Eshwari Bai | |
Birth Date: | 1 December 1918 |
Birth Place: | Chilkalguda |
Death Place: | Hyderabad |
Occupation: | Politician |
Nationality: | Indian |
Party: | Republican Party of India |
Children: | Geeta Reddy, daughter |
Office: | Member of the Andhra Pradesh Legislative Assembly |
Term Start: | 1967 |
Term End: | 1978 |
Predecessor: | T. N. Sadalakshmi |
Successor: | Tadur Bala Goud |
Jetti Eshwari Bai (1 December 1918 – 25 February 1991) was an Indian politician, a Member of the Legislative Assembly and president of the Republican Party of India. She worked for the upliftment of the backward classes who were subjected to slavery and caste discrimination for generations by the upper castes.
Eshwari Bai was born on 1 December 1918. She started her career as a teacher in Paropakarini School in Secunderabad and later started a school named Geetha Vidyalaya in Chilkalguda, Secunderabad. She held workshops for the poor women of the locality, who learned crafting, tailoring, painting etc., helping economically poor women to secure to support themselves and their families.
Bai was elected as a councillor of the Secunderabad Municipal Corporation in 1950.[1]
She founded the Civic Rights Committee (CRC) in the 1960s to contest the Hyderabad municipal elections as an apolitical party. It won four seats in those elections.
Inspired by B. R. Ambedkar, Bai joined the Scheduled Castes Federation (SCF) and in 1958, when SCF was renamed as the Republican Party of India (RPI), she was elected as general secretary. She went on to become the president of RPI later. In 1962 general elections she lost on RPI ticket from Yellareddy Assembly constituency, but won in the 1967 polls. She was the vice chairperson of the Telangana Praja Samithi (TPS) and won a ticket in 1972 elections again from Yellareddy on an RPI – TPS ticket.
As a chairperson of the Women and Child Welfare, Bai was instrumental in bringing legislation for free education of girl students up to higher education.

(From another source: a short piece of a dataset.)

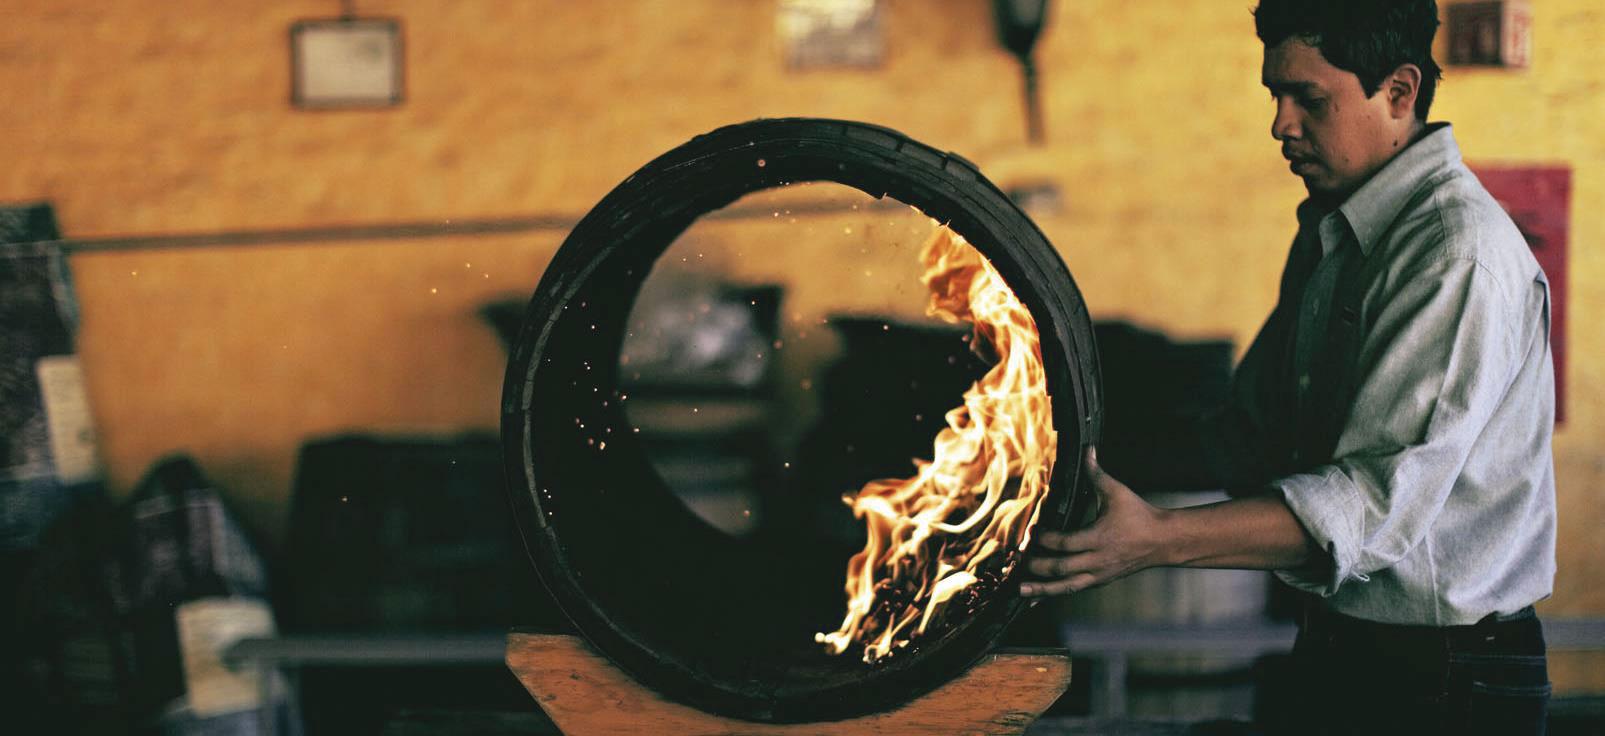 Barrel charring at Jose Cuervo.

She was the secretary of Indian Conference of Social Welfare and member of the Indian Red Cross Society. She also fought for separate statehood for Telangana in 1969 and was imprisoned at the Chanchalguda jail in Hyderabad.[2]
Bai had four brothers and a sister. She was married to Jetti Laxminarayana, a dentist from Pune, at the age of 13. Her daughter, J. Geeta Reddy, is a politician with the Indian National Congress party.[3]
Bai died on 25 February 1991.[4]
The Eshwari Bai Memorial Award was instituted in her honour.[5]